Therefore, based on previous studies, this research proposes using ResNet-101 with a combination of color space and augmentation for classifying corn stalks. In the process of classifying corn stalks using the ResNet-101 CNN, several key steps are involved. First, images of corn stalks are collected and pre-processed to improve image quality, including contrast adjustment, noise removal, and cropping to focus on the stalk. Next, the processed images are fed into the ResNet-101 model for feature extraction. Through multiple convolutional layers and residual blocks, the model learns visual patterns from the training data and uses these patterns to predict the category of the stalk, whether it is healthy or not. One of the challenges in applying this combination method is the need for a large and high-quality dataset. The deep ResNet-101 model requires diverse data to learn effectively and produce accurate predictions. Therefore, this research also involves an augmentation process to enhance the dataset. By using ResNet-101 for the color space augmentation, it is expected to produce a corn stalk classification model that has high accuracy in recognizing the health conditions of the plants. The speed and accuracy of detecting these issues are crucial for taking prompt preventive actions, thereby minimizing potential losses due to diseases or damage to the stalks.
This research focuses on classifying diseases in corn stalks using digital images. One of the key elements of data mining is classification. Data mining is the process of using mathematical techniques, artificial intelligence, statistics, and machine learning to extract, identify, and analyze different types of data in order to find patterns within them [11, 12]. Knowledge discovery from databases is another name for data mining. Data mining can be classified into a number of categories based on its functions, including description, prediction, estimation, classification, clustering, and association [13]. In this research, the classification of digital images involves three main stages, starting with dataset collection, followed by the training process, and finally, the evaluation process to determine how well the trained model performs.
2.1 Color SpaceRGB (red, green, blue)
The RGB color space is a color system that uses three basic components: red, green, and blue, to produce a variety of other colors [14, 15]. Each color in this space is determined by the combination of intensities of the three components. By adjusting the intensity of each RGB component within a specific range, such as from 0 to 255 in an 8-bit representation, different colors can be created. For example, the color white is produced with full intensity from all three components (255, 255, 255), while the color black is produced with zero intensity (0, 0, 0) [16].
In digital image classification, the RGB color space is often used due to its ability to represent colors in a way that closely aligns with human perception. Each digital image typically consists of three primary colors: red, green, and blue, each containing information about the intensity of the color for each pixel. The classification process utilizes this information to identify and categorize objects or patterns present in the image. Thus, by using the RGB color space, classification algorithms can analyze color features from the images to assist in the identification process. For example, in the research, the classification model is trained to recognize specific color characteristics that distinguish between several categories. The RGB color space provides a strong foundation for feature extraction and image analysis due to its ability to capture and store detailed color information, which is crucial for achieving high classification accuracy. In Figure 1, this is an image of a corn stalk in RGB color space.
Figure 1. RGB corn stalk image
HSV (Hue, Saturation, Value)
The HSV color space is a color representation system that consists of three main components: Hue (H), Saturation (S), and Value (V) [17]. Hue refers to the base color perceived, such as red, blue, or green, and is measured in degrees from 0 to 360 on the color wheel [18]. Saturation describes the intensity or purity of a color, where high values indicate bright and pure colors, while low values indicate more muted or grayish colors [18]. Value, or brightness, measures how light or dark a color is, with a value of 0 indicating black and a full value representing the brightest form of that color [18, 19].
In the context of digital image classification, the HSV color space has the advantage of separating color information from brightness information.

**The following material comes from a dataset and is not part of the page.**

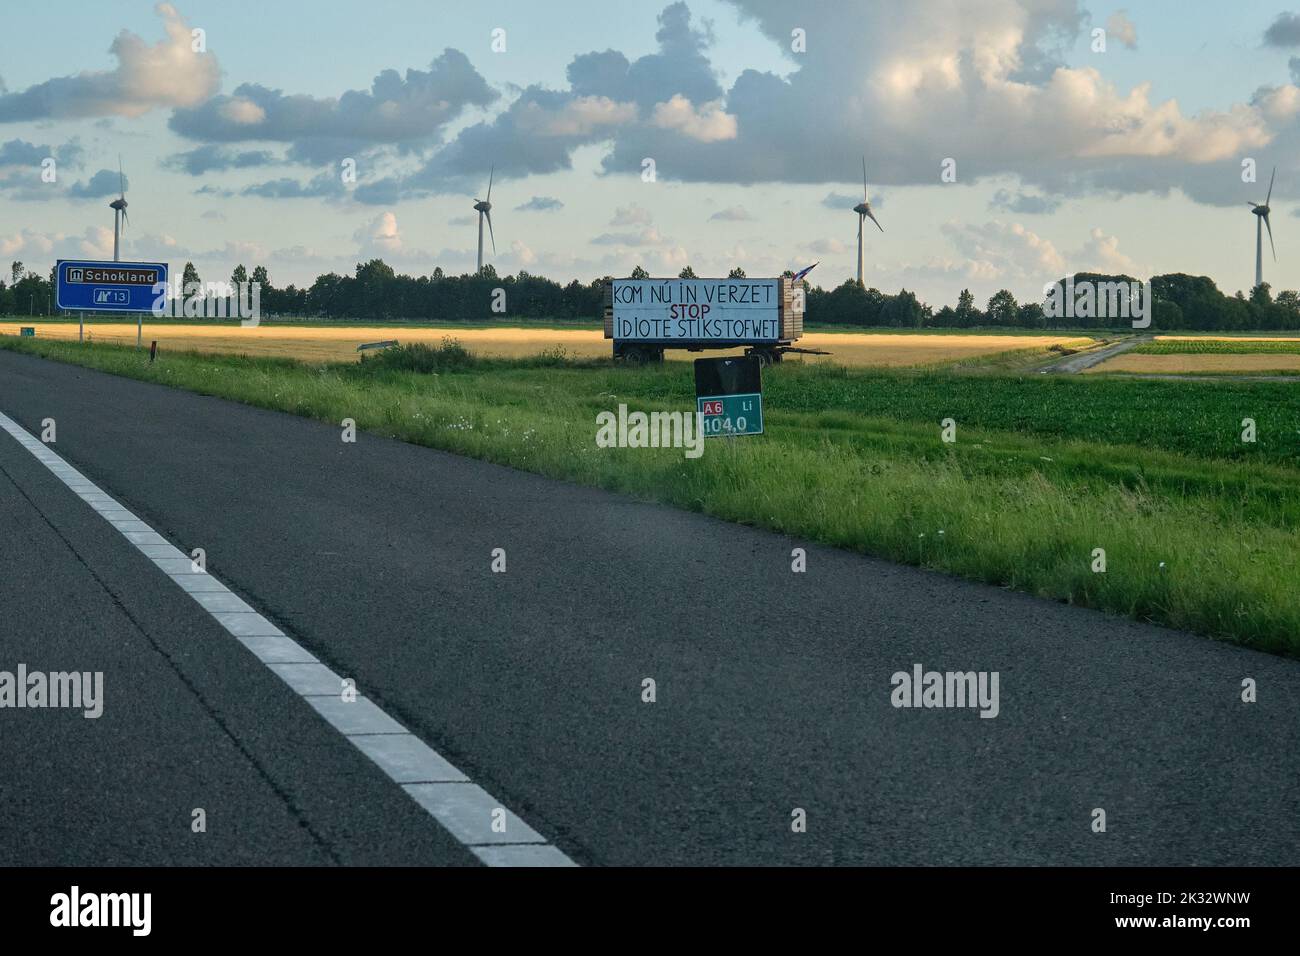 Banner next to highway with text 'Now resist, stop idiotic nitrogen law' Dutch farmers protest against the plans of the government forced shrinking of Stock Photo

This allows the classification model to focus on the Hue component to recognize specific colors without being affected by variations in lighting or brightness. This is particularly useful when dealing with varying or inconsistent lighting, as the Saturation and Value components enable the system to manage differences in intensity and color saturation [20].

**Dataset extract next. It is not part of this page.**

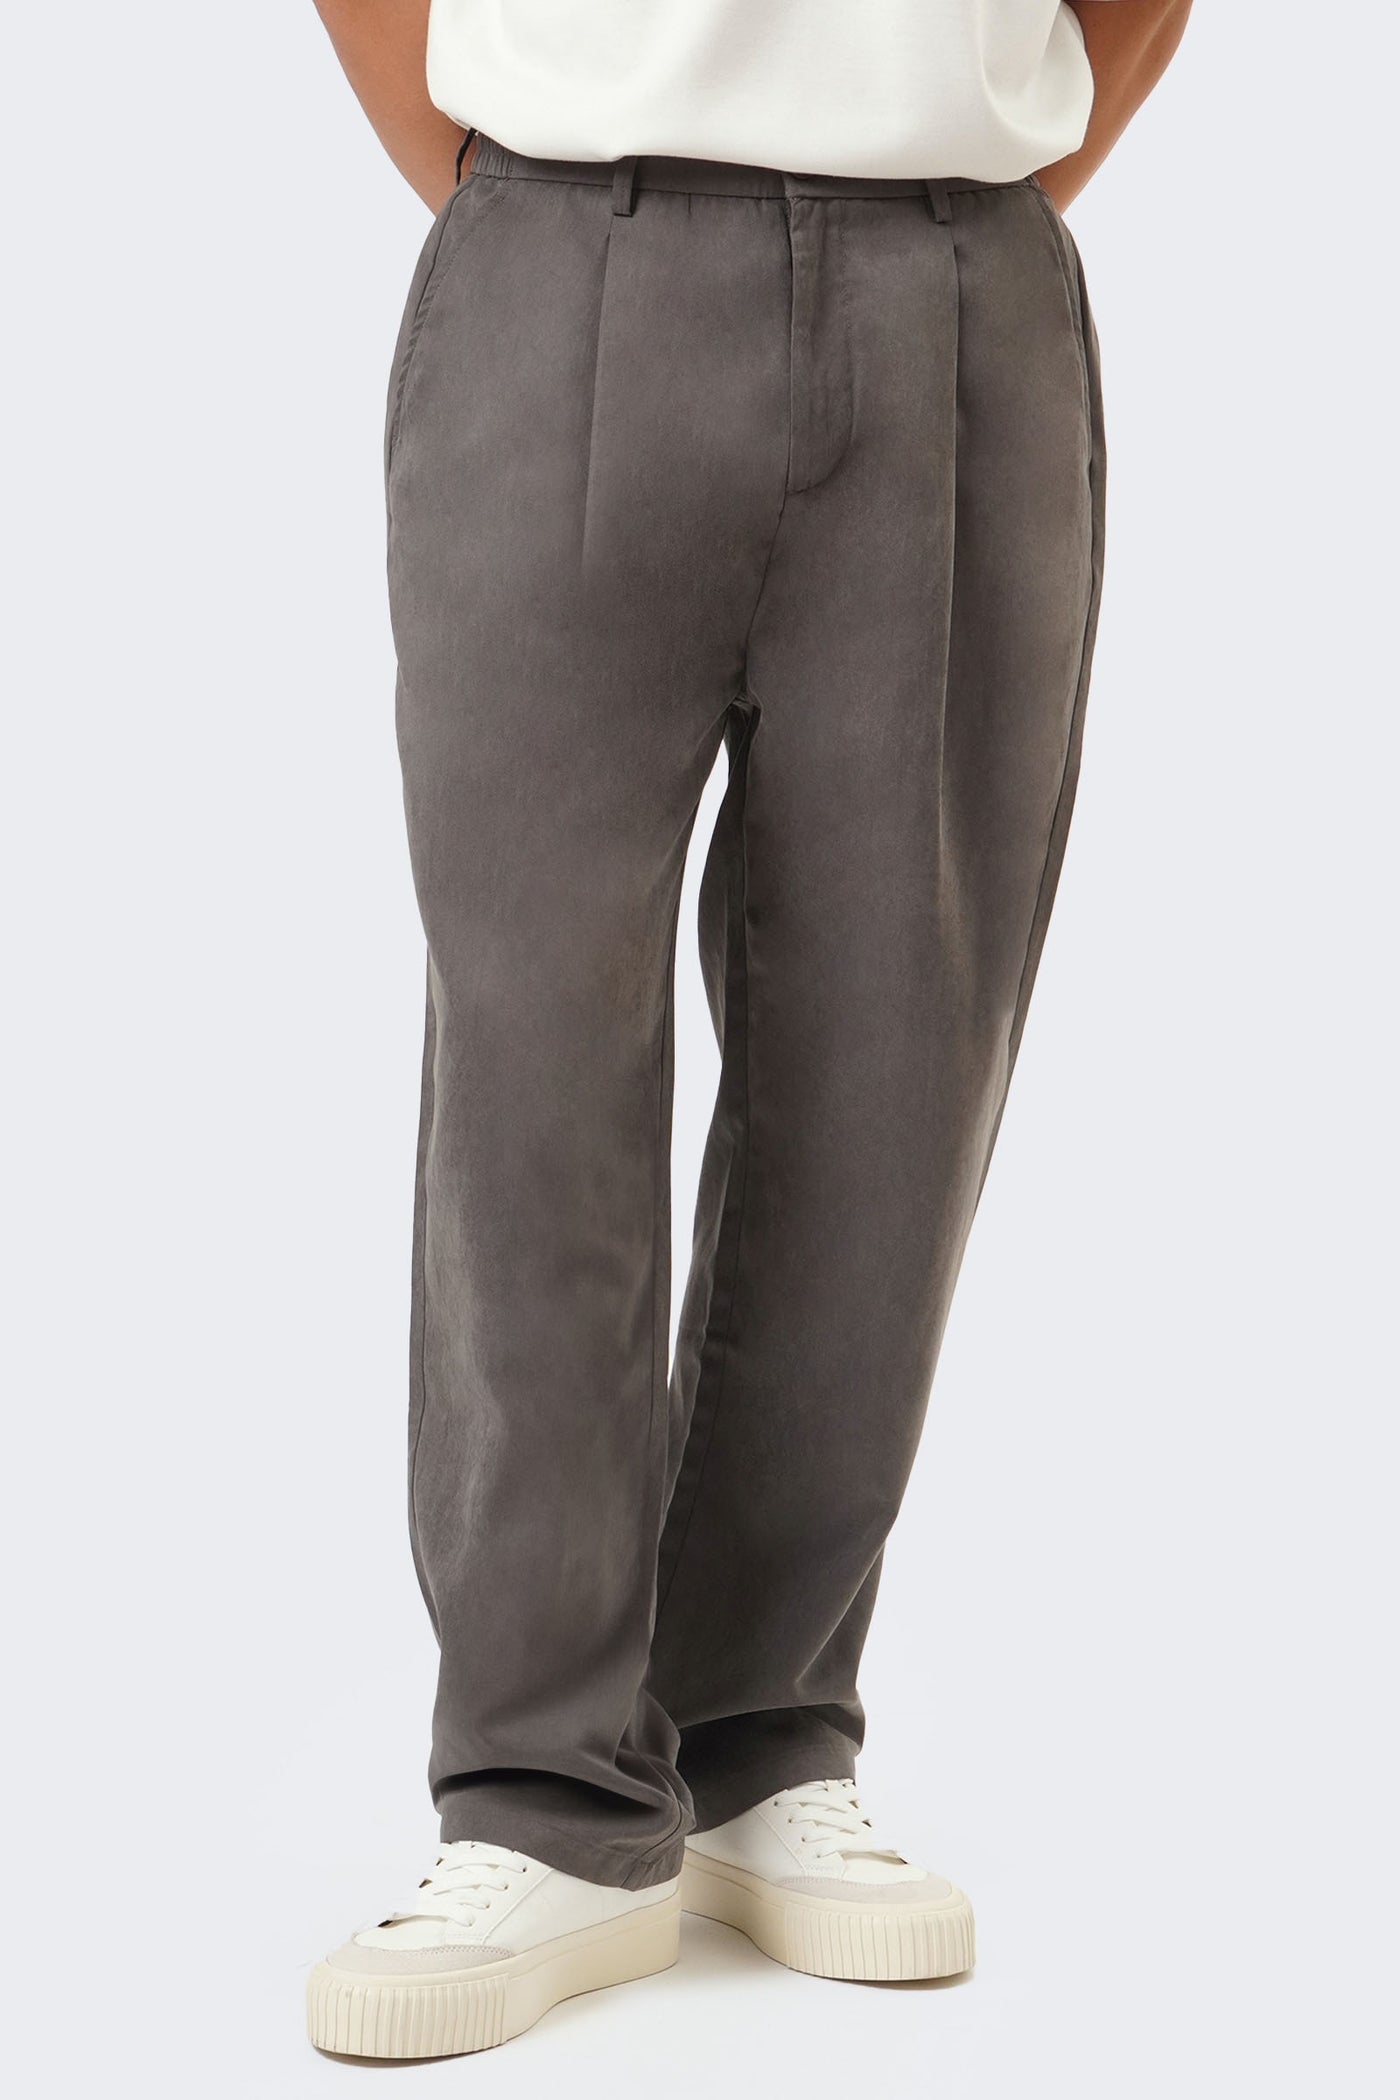 Men's Sueded Straight Leg Pleated Trousers

Figure 2. HSV corn stalk image
The use of the HSV color space in digital image classification allows algorithms to be more accurate in recognizing and classifying objects based on their colors, as the HSV color space facilitates the separation and identification of colors even when lighting conditions vary. Thus, HSV helps improve the performance of image classification systems by making them more robust against changes in lighting and color saturation. This is as depicted in Figure 2, which is a picture of a corn stalk in HSV color space.
2.2 CNN model: ResNet-101
ResNet-101 is one of the Residual Network (ResNet) architectures designed to address issues in training deep neural networks [21]. ResNet, introduced by Kaiming He and his team on the research in 2015 [22], that introduces the concept of residual learning to address the common vanishing gradient problem encountered in very deep networks. ResNet-101 is an enhanced version with 101 layers and includes various modern optimizations to improve performance in image recognition.
ResNet are designed to enable deep networks to be trained effectively without a decline in accuracy as the number of layers increases. This architecture leverages residual blocks, which feature shortcut connections that allow gradients to pass through several layers without losing important information.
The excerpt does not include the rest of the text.